ABC (KOAT) Albuquerque NM    REGIONAL LOCALS
ABC (KVII) Amarillo TX       REGIONAL LOCALS
ABC (WOI) Ames IA            REGIONAL LOCALS
ABC (KAEF) Arcata CA         REGIONAL LOCALS
ABC (WLOS) Asheville NC      REGIONAL LOCALS
ABC (WSB) Atlanta GA         REGIONAL LOCALS
ABC (KAAL) Austin Minnesota  REGIONAL LOCALS
ABC (KERO) Bakersfield CA    REGIONAL LOCALS
ABC (KBMT) Beaumont TX       REGIONAL LOCALS
ABC (WLOX) Biloxi MS         REGIONAL LOCALS
ABC (WMAR) Blatimore MD      REGIONAL LOCALS
So anyway, what the command I gave does:
  • grep 'tvg-name=' M3U.txt ­this gets all the lines from the file that have tvg-name= on it, discarding the other lines
  • | pipes the output into the next command
  • sed -r 's/.*tvg-name="([^"]*)".*group-title="([^"]*)".*/\1\t\2/' this searches for tvg-name="<something>" on the line and group-title"<something>" some place after it—skipping over everything before, between and after those—and then replaces the line by just the bits we want: the 1st and 2nd <something> that we captured.
sed is using regular expressions. If you've not used regular expressions before it can look like mumbo jumbo but it's quite handy for text processing to know a bit. I can explain the regular expression in the sed command further if you want.
Image
rene
Level 20
Level 20
Posts: 12212
Joined: Sun Mar 27, 2016 6:58 pm

Re: Extract text from a file.

Post by rene »

So as to output directly to CSV, i.e., importable into a spreadsheet, I'd slightly tweak that to be

Code: Select all

grep 'tvg-name=' M3U.txt | sed -r 's/.*tvg-name="([^"]*)".*group-title="([^"]*)".*/"\1","\2"/'
User avatar
xenopeek
Level 25
Level 25
Posts: 29615
Joined: Wed Jul 06, 2011 3:58 am

Re: Extract text from a file.

Post by xenopeek »

rene wrote: Sun Apr 24, 2022 2:03 am So as to output directly to CSV, i.e., importable into a spreadsheet, I'd slightly tweak that to be
Spreadsheet programs usually can also handle TSV files. For CSV a slightly nicer tweak is to just move the brackets one character out :) That captures the quotes.
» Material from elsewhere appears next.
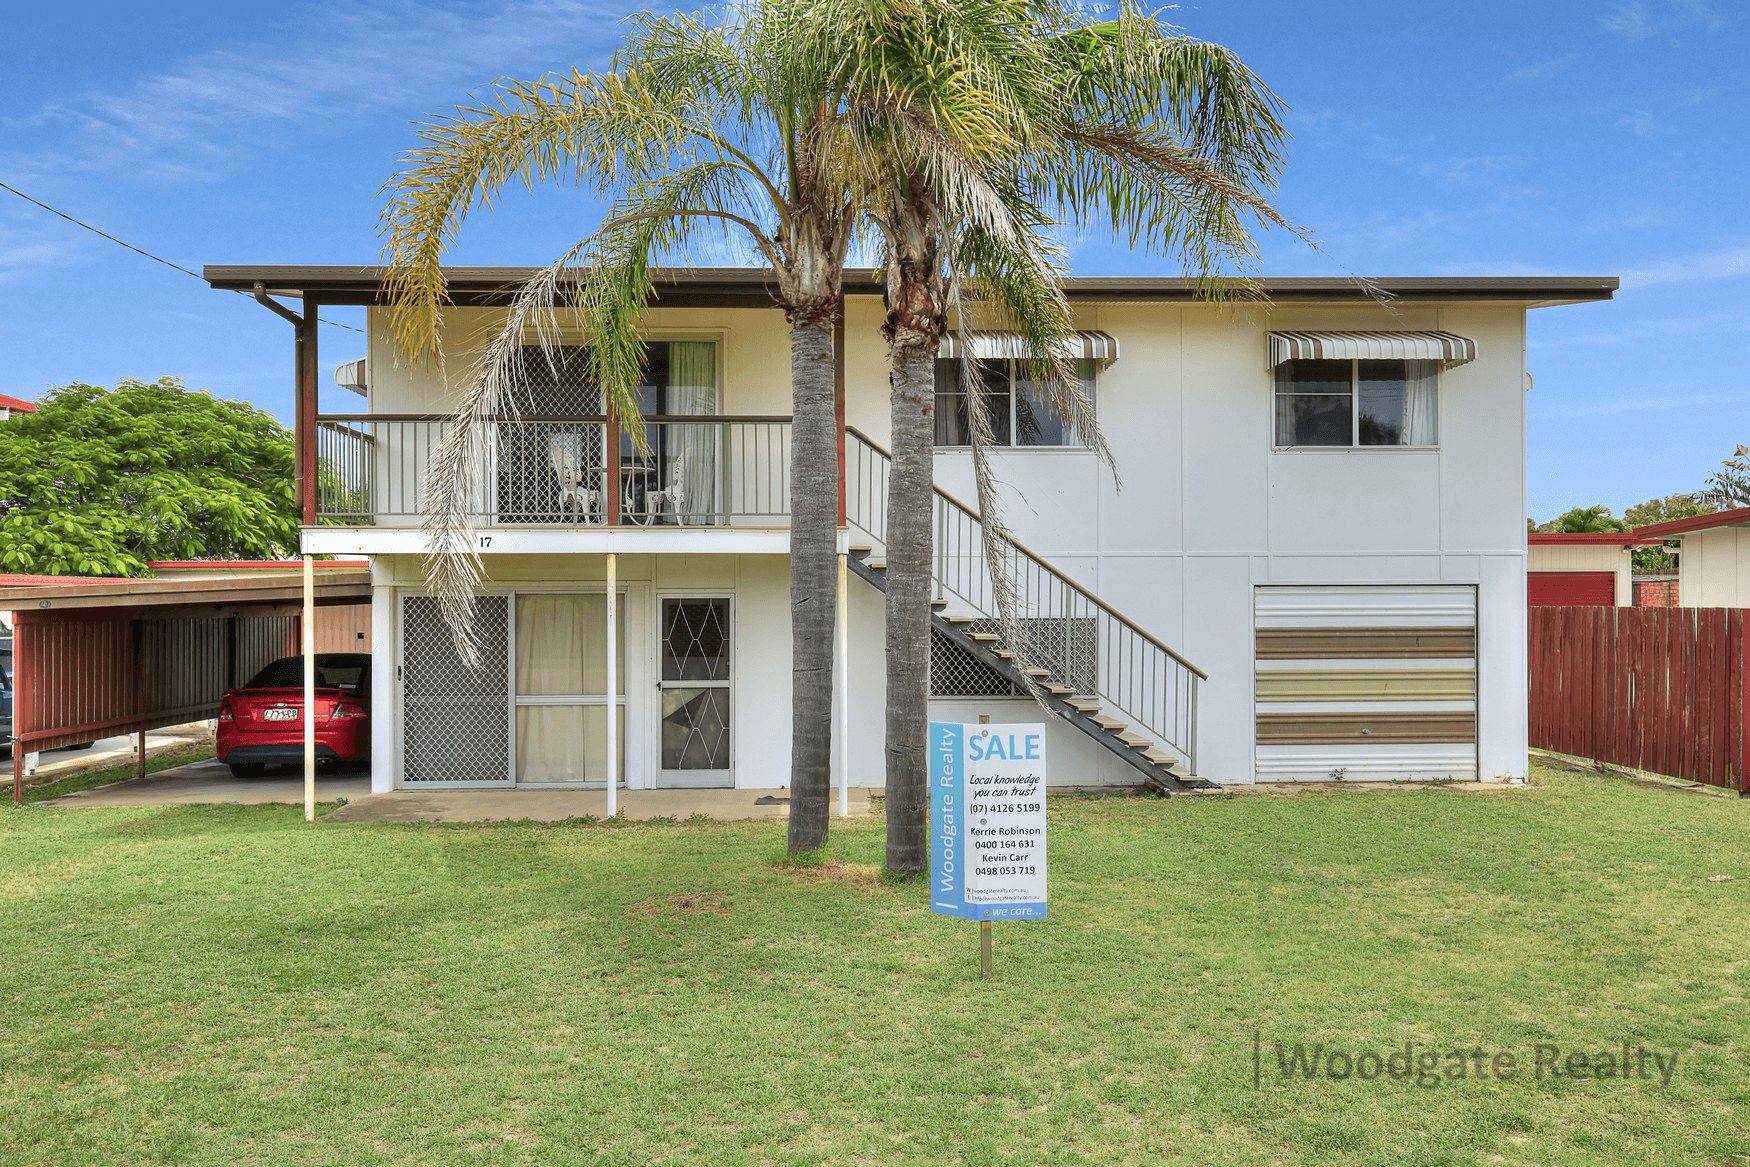 17 WHITING STREET, WOODGATE, QLD 4660

grep 'tvg-name=' M3U.txt | sed -r 's/.*tvg-name=("[^"]*").*group-title=("[^"]*").*/\1,\2/'
Image
Pecu1iar
Level 1
Level 1
Posts: 39
Joined: Sun Nov 01, 2020 6:14 pm

Re: Extract text from a file.

Post by Pecu1iar »

you all are awesome.

I've tested the original script and added a bit to output a new file. It imports into google sheets pretty easily.

"sed is using regular expressions. If you've not used regular expressions before it can look like mumbo jumbo but it's quite handy for text processing to know a bit. I can explain the regular expression in the sed command further if you want."
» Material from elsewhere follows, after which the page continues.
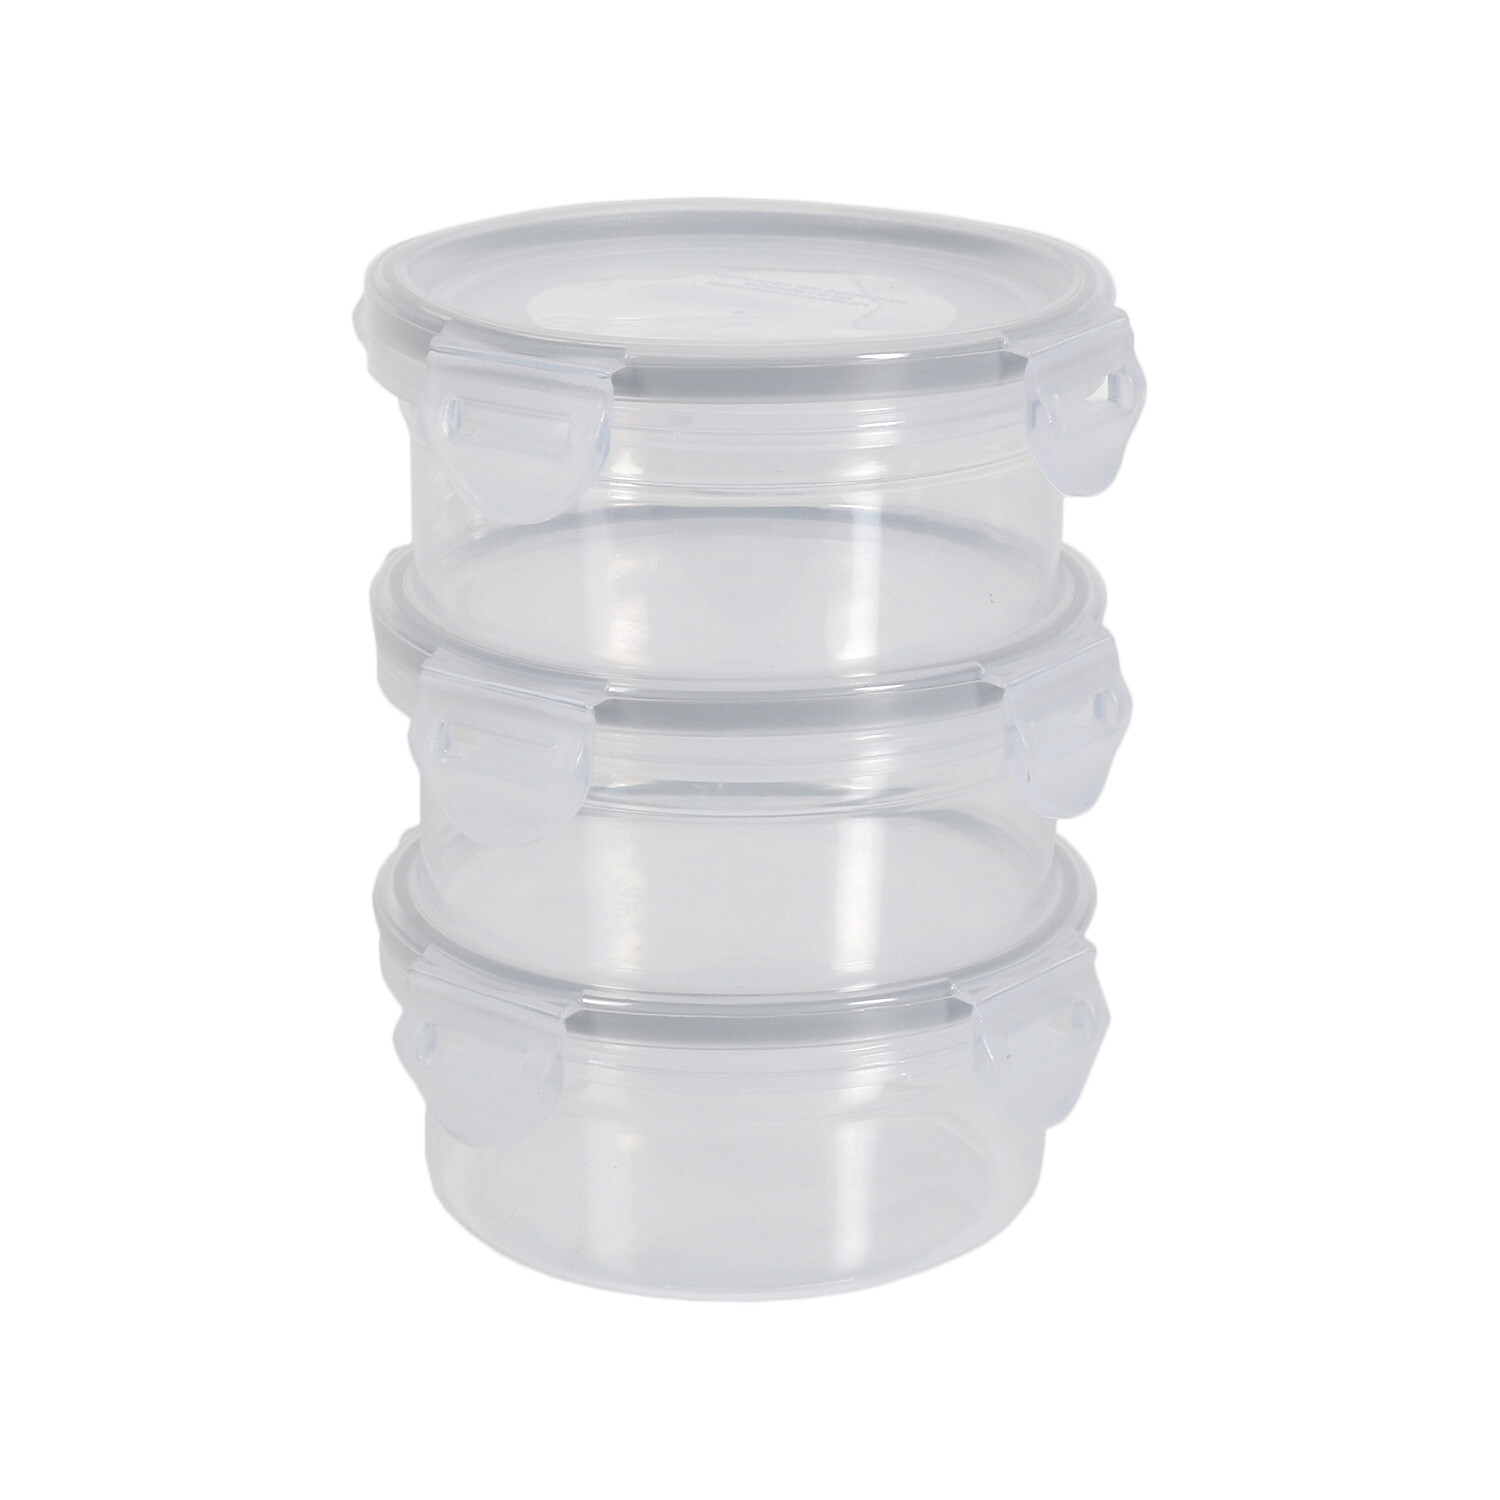 200ml Round Clip and Lock Food Containers 3 Pack Image

I'm always wanting to learn so if you have time to explain all the bits, I'll try to understand.

After looking at the file, I see that the tvg-name is actually found after the group title proceeded by a comma. I'm going to try to figure out how to extract and separate it that way just to see if I can.

Thank you all again.
rene
Level 20
Level 20
Posts: 12212
Joined: Sun Mar 27, 2016 6:58 pm

Re: Extract text from a file.

Post by rene »

xenopeek wrote: Sun Apr 24, 2022 2:15 am Spreadsheet programs usually can also handle TSV files.
Wow, that's actually a thing... https://en.wikipedia.org/wiki/Tab-separated_values
User avatar
xenopeek
Level 25
Level 25
Posts: 29615
Joined: Wed Jul 06, 2011 3:58 am

Re: [SOLVED] Extract text from a file.

Post by xenopeek »

The sed command is in the form s/regular-expression/replacement/. We can split it like this for readability:
s / .*tvg-name="([^"]*)".*group-title="([^"]*)".* / \1\t\2 /

The .*tvg-name="([^"]*)".*group-title="([^"]*)".* part is the regular expression. There are a few special characters in this:
  • . dot matches any single character. It is a wildcard.
  • * star says "match zero or more of the preceding character". It is a repeat.
  • ( ) brackets are a capture group. What is matched between them is captured and can be referred back to in the replacement. In the replacement above \1 refers back to the first capture group, \2 to the second.
  • [ ] square brackets are a character set. It matches a single character from the set of characters between the brackets. If the first character is a ^ it inverts the character set—it matches any single character except those from the character set.
So what it does:
  • .* this matches everything from the start of the line until tvg-name= is found, effectively skipping over it because we don't care about that part.
  • tvg-name=" this literally matches that text
  • ([^"]*) this captures the value of tvg-name, using a character set where we want to find any character that is not a "
  • " this is the closing " of the tvg-name value
  • .* this skips over the next part until group-title is found
  • group-title=" matches that text
  • ([^"]*) this captures the value of group-title, using a character set where we want to find any character that is not a "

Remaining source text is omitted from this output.